WordPressにおけるマークダウン記法の活用方法
今回ご紹介するのは「全文をマークダウン記法で書いてそのまま公開」ではなく、あくまでショートカット風にマークダウン記法を使う方法が中心です。
エンジニアがマークダウン記法のみで記事を執筆し、WPにインポートするような内容ではなく、WPの管理画面から普通に記事を書く際の効率アップを主眼においています。
使用頻度が高いマークダウン記法
それでは使用頻度が高いものから紹介していきます。全て半角英数記号でないと認識されないので注意しましょう。まずは毎日使うレベルのものから。
① 見出し
#と入力し半角スペースを入れた瞬間に認識されます。このタイプの記法は半角スペースとセットです。使っているうちに手が覚えてくれるはずです。

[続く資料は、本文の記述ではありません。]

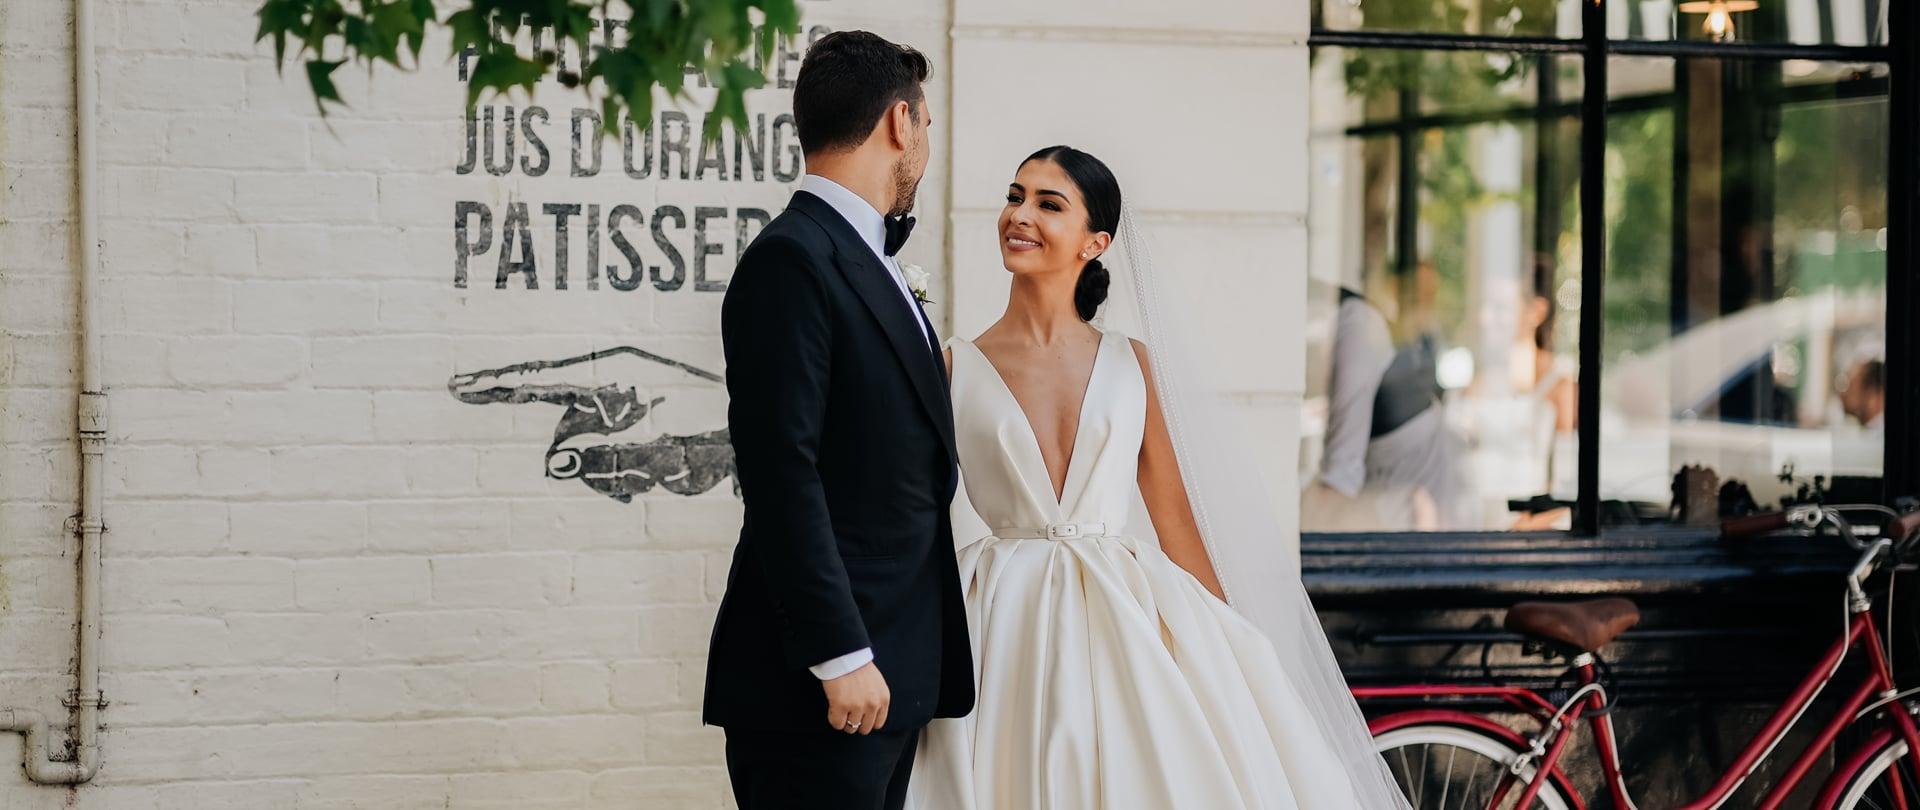 Michelle & William Wedding Video Filmed at Australia
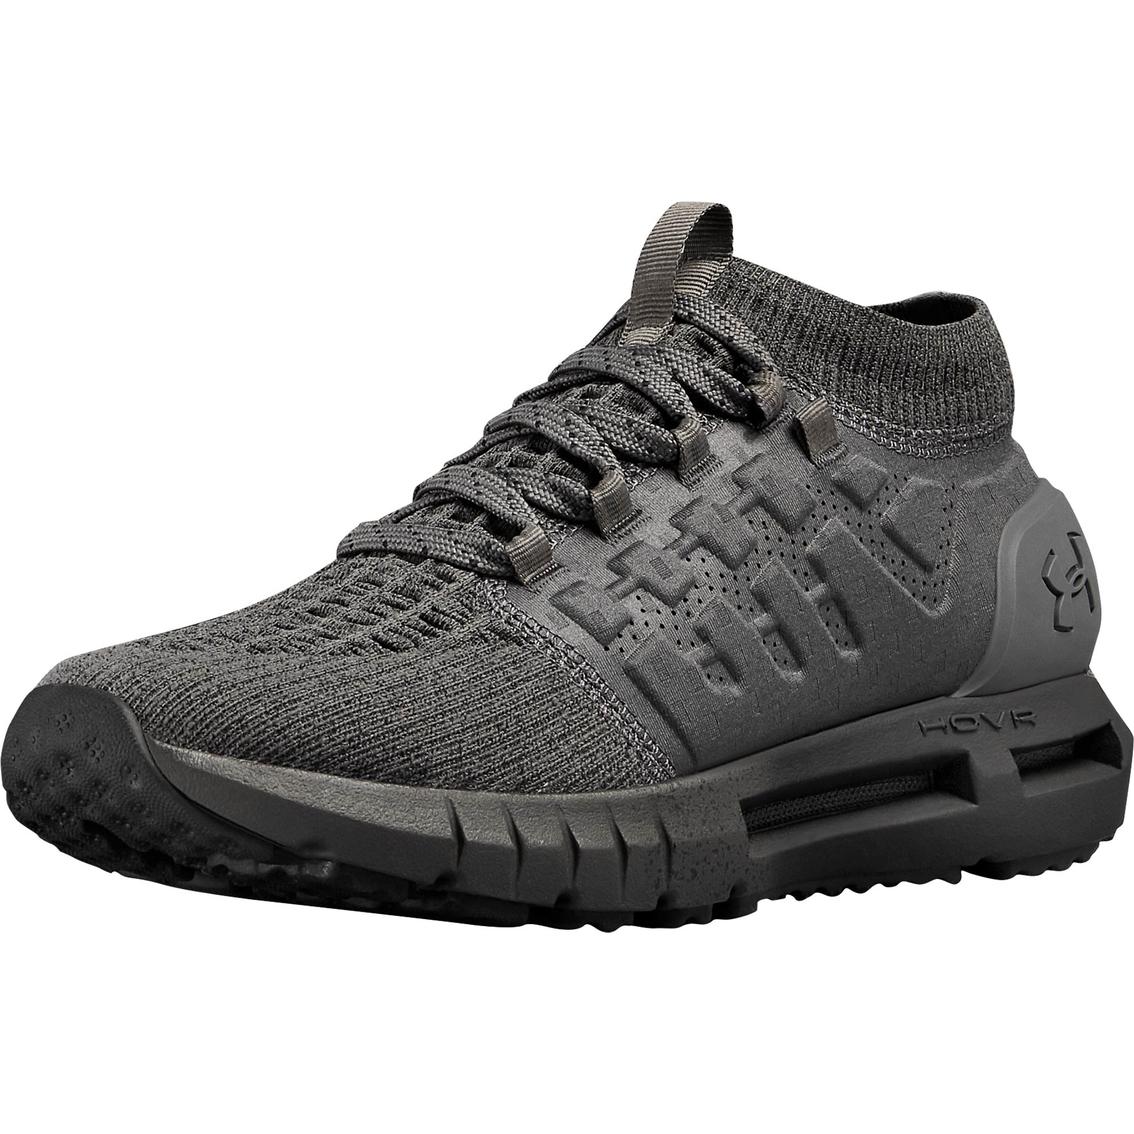 wholesale dealer 90323 bf986 Under Armour Men's Ua Hovr Sonic Running Shoes | Running ...

WordPressの記事の場合、H1がタイトルのことが一般的ですので、## から使うことになります。
# 見出し1(H1)
## 見出し2(H2)
### 見出し3(H3)
#### 見出し4(H4)② 箇条書き(リスト)
-(ハイフン)もしくは*(アスタリスク)の後に半角スペースで箇条書きになります。*はShiftの押下が必要なので特に理由がなければ-を使います。Enterで改行していけば箇条書きが続きます。何も入力せずに改行するか、Enterを2回押すと箇条書きを抜けることができます。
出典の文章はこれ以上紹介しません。